Были предложения не принимать самоотводов Гуренко,
Потом обнаружилось, что мы нарушили инструкцию, приняв самоотводы без выяснения, а нет ли в данном случае отводов. Это был очевидный сигнал, что многие делегаты, опасаясь избрания Лигачева, не хотели, чтобы он оставался в списке. Снова разгорелась дискуссия, посыпались мотивированные отводы Лигачева. Поднялся шум и гам, эта тема явно раскалывала съезд. В конце концов в списке кандидатов его фамилия осталась, но заранее было ясно, что шансов быть избранным у него нет.
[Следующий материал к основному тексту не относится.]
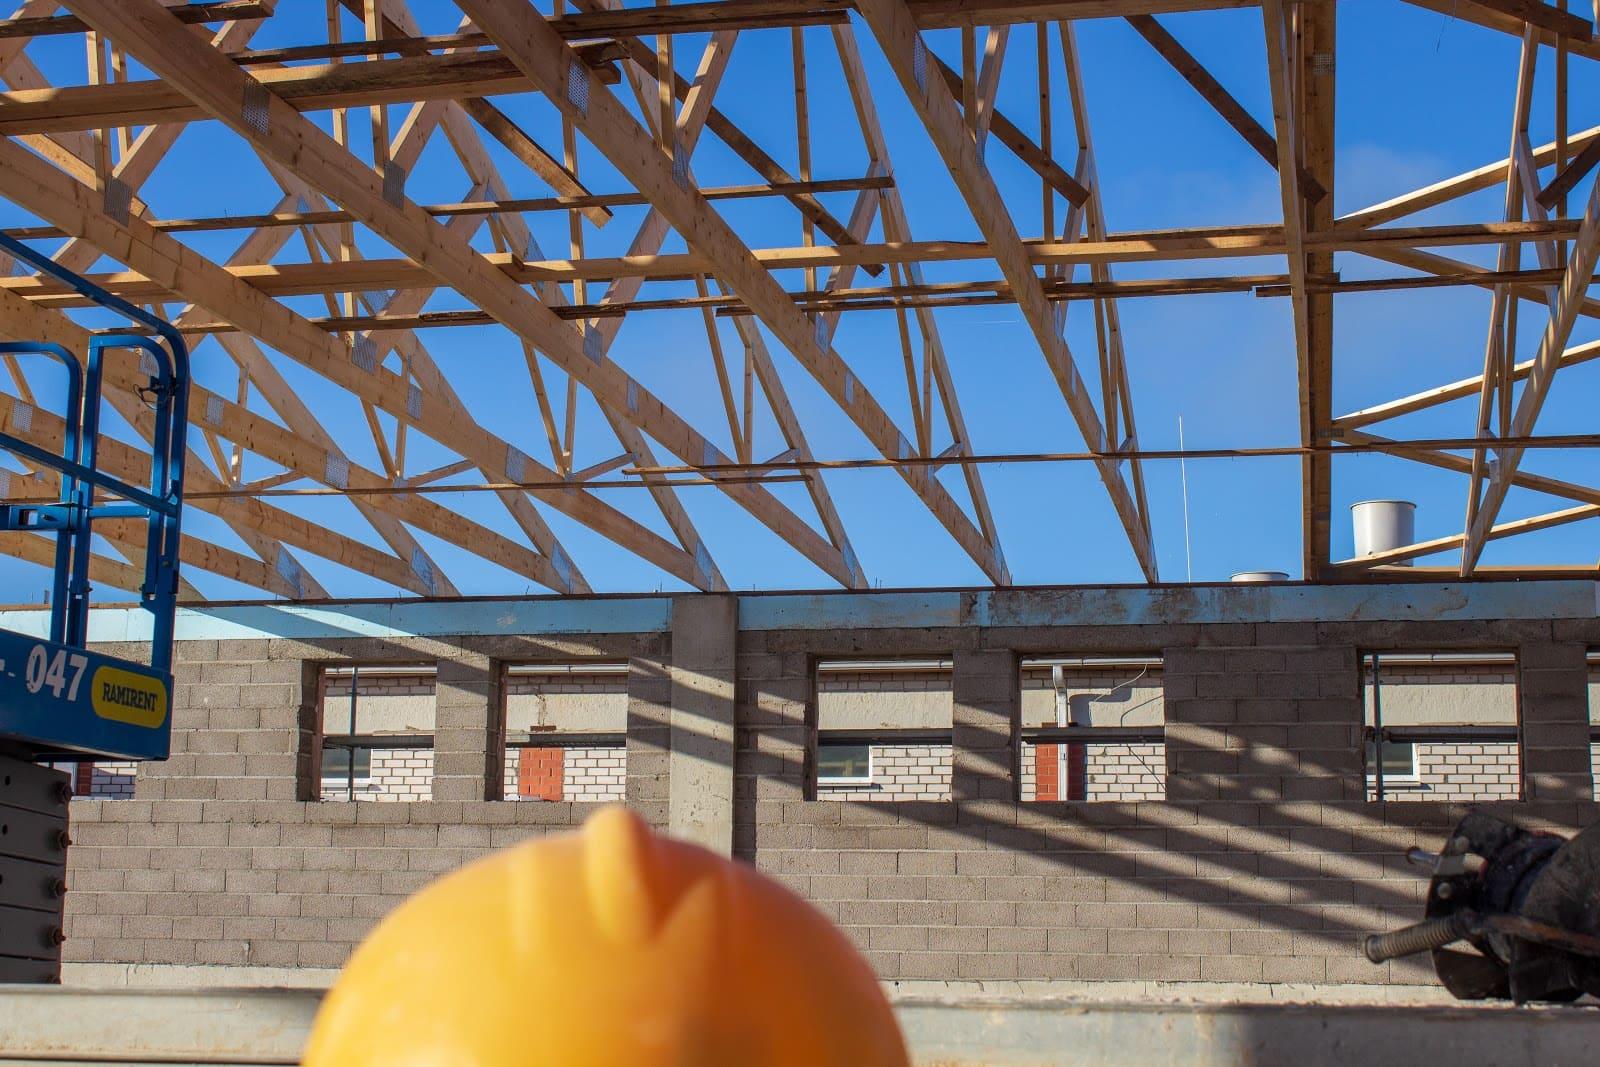 koka kopņu tehniskās zināšanas jumta konstrukcijai cūku fermai

Действительно, по итогам выборов Дудырев получил за — 150 голосов, против — 4268, Ивашко — за — 3109, против — 1309, Лигачев — за — 776, «против» — 3642. То есть даже часть делегатов, которая постоянно голосовала против Горбачева и его сторонников, отказала в поддержке Лигачеву. Правое крыло потерпело на съезде поражение и потому, что у него не нашлось достаточно сильного и авторитетного лидера. Но ведь это, наверное, не случайно. Какой авторитет можно нажить на защите обанкротившейся системы!
Поражение Лигачева означало удар и по политической линии, которую он представлял. Одновременно это был сигнал, что отныне фундаменталистские силы в партии намерены действовать открыто, в качестве фракции или правой оппозиции реформистскому руководству. Каюсь, я тогда недооценил этой опасности. Особенно не могу себе простить, что позволил занять ключевое место в Политбюро — курирование организационно-партийного отдела — Шенину. По странной аберрации зрения принимал его за искреннего сторонника преобразований. А может быть, тут дело было в его способности мимикрировать, умело играть роль прогрессиста, новатора, оставаясь в душе закоренелым ретроградом? Во всяком случае, помню, у меня с ним был разговор после съезда и я, в частности, ему сказал:
— Учти, Олег, у нас в партийной верхушке и аппарате засилье бюрократов, которым плевать на перестройку, судьбу страны. Для них главное — удержаться у власти. Вам придется очень нелегко с этой публикой. А ее выпроваживать надо, искать и выдвигать молодых, отважных, мыслящих. Без этого и реформы захлебнутся, и партии каюк.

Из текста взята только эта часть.